Abdülmuhsin Konevî Ağabey, Ahmed Feyzi Ağabeyi bir konferansa götürmüş. Üniversite talebeleri varmış. Onun hiç haberi yokken kürsüye davet etmişler. Düşünmüş, taşınmış, kürsüye çıkmak zorunda kalmış. İçinden geldiği gibi konuşmaya başlamış. Konuşması iki saat sürmüş. Sonra “Şimdi, işte yaptığımız bu giriş konuşmamızdan sonra, artık asıl meseleye geliyoruz” diyerek iki saat daha konuşmuş. Yaptığı dört saatlik konuşmaya rağmen, herkes pür dikkat dinlemiş ve büyük bir alkışla Ahmed Feyzi Ağabeyi havalara kaldırmış. Sonra Üstadın yanına gidince, olanları anlatılmış. Üstad Hazretleri “Acâib!” demiş. Üstadın bu ifadesinden kendisine bir ikaz çıkaran Ahmed Feyzi Ağabey, bir hafta hiç konuşmamış. Bilhassa takdir beklerken yüzüne dahi Üstadın bakmayışından endişeye kapılan Ahmed Feyzi Kul Ağabey, “Büyük bir hata işledim” diye tevbe ve istiğfara başlamış. Sonra Üstad, kendisini yanına çağırıp “Kardeşim, biz istihdam olunuyoruz. O konuşmayı sakın nefsinden bilmeyesin. Seni Allah istihdam etti de öyle güzel konuştun” demiş.

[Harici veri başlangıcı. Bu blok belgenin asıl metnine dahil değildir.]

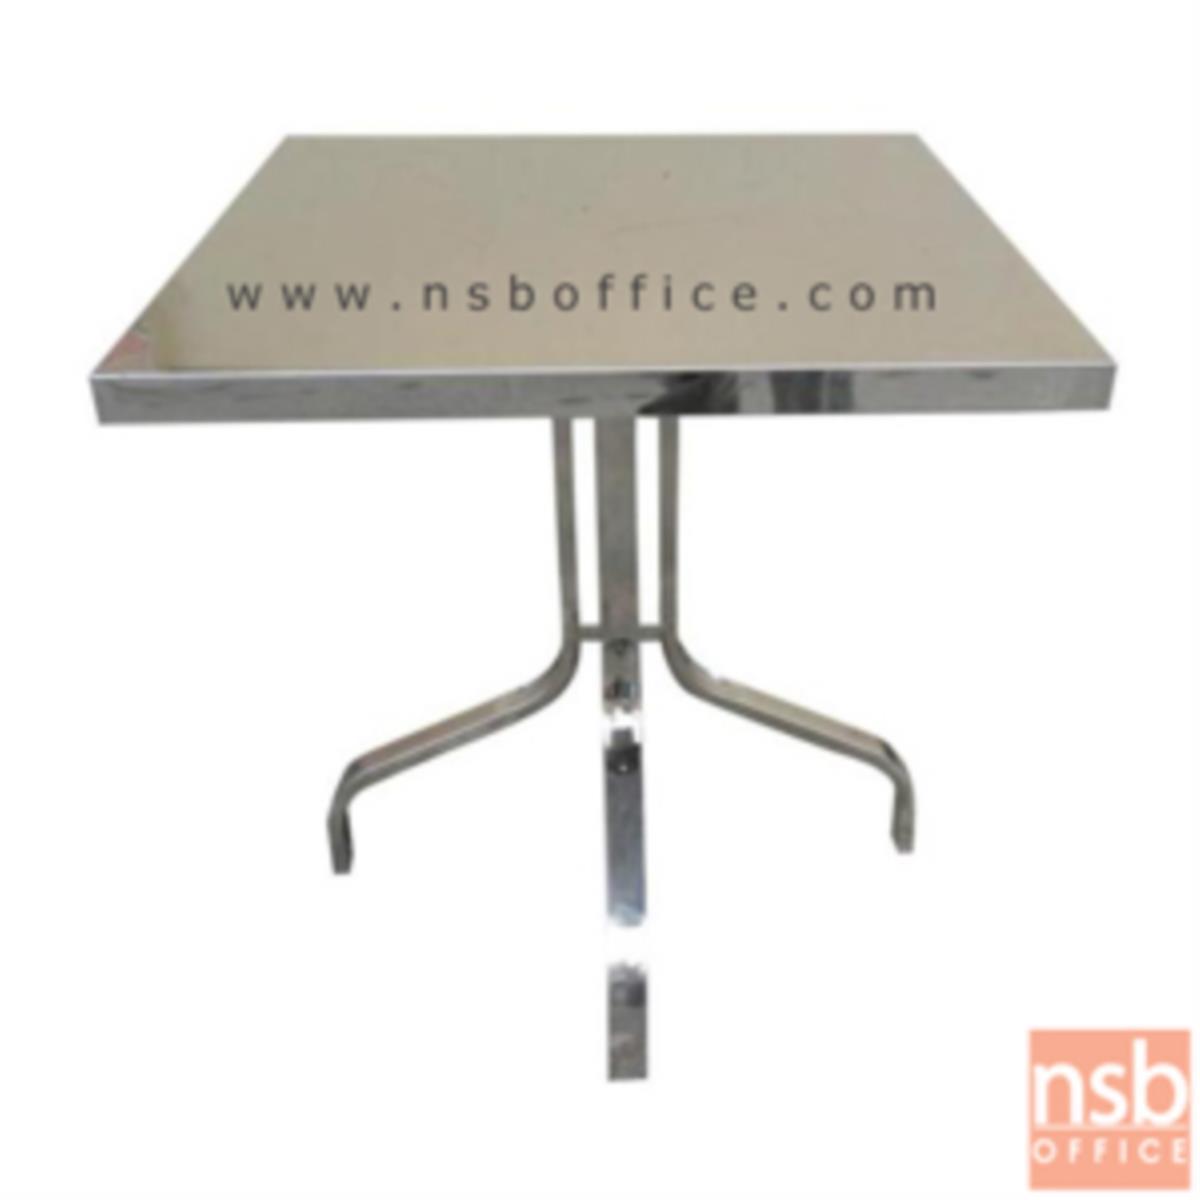 G12A110:โต๊ะหน้าสเตนเลส รุ่น Magdalene (แม็กดาเรน) ขนาด 75W cm.  ขาสเตนเลส

Merhum Halıcı Hüseyin Çağdır Ağabey, Ahmed Feyzi Ağabeyden bahsederken diyor ki: “Bizim İbrahim Ethem Sarıoğlu diye bir avukatımız vardı. Bir Ramazan vaizine, ‘Hocam, kafamı bir şey meşgul ediyor: Allah her şeyi yarattı, tamam; peki Allah’ı kim yarattı?’ şeklinde o zamanların modası bir sual soruyor. Hoca da “Yahu bunu karşıma niye getirdiniz? Böyle sual mi olur?’ diye çıkışıyor. Bir müddet sonra Tire Lisesindeyken aynı soruyu Ahmed Feyzi Ağabeye soruyor. O da ona “Oğlum! Bak sen tahsilli insansın, bak daha suali sorarken hata yapıyorsun, sen Hâlık arıyorsun, fakat mahlûk olsun, diyorsun. Hâlbuki Hâlık, mahlûk olmaz, mahlûk da Hâlık olmaz’ diyor. Nurlardan uzunca bir ders veriyor. Ethem Sarıoğlu, ‘Ben tam tatmin oldum’ diyerek memnuniyetlerini belirtiyor. Ahmed Feyzi Ağabey işin peşini bırakmayarak, Ethem’in ibadete de başlaması için bir mektup yazıyor. Avukat Ethem, bu veciz mektubu ezberlemiş! Ethem benim halıcı dükkânıma çok gelirdi. Böyle bir gün beraber otururken Ahmed Feyzi Ağabey de çıkageldi. Hasretle kucaklaştıktan sonra başladı mektubu ezberden okumaya. Ahmed Feyzi Ağabey, ‘Acâib! Kim yazmış bunları? Nasıl ifadeler bunlar?” demeye başladı. ‘Ahmed Feyzi Ağabey! Sen beni filanca tarihte ibadete davet için bu mektubu yazmıştın; ben bunu ezberledim!’ deyince, ‘Ah, ben eski halimi hiç göremeyom’ diye kendine has üslûbuyla cevap vermişti.”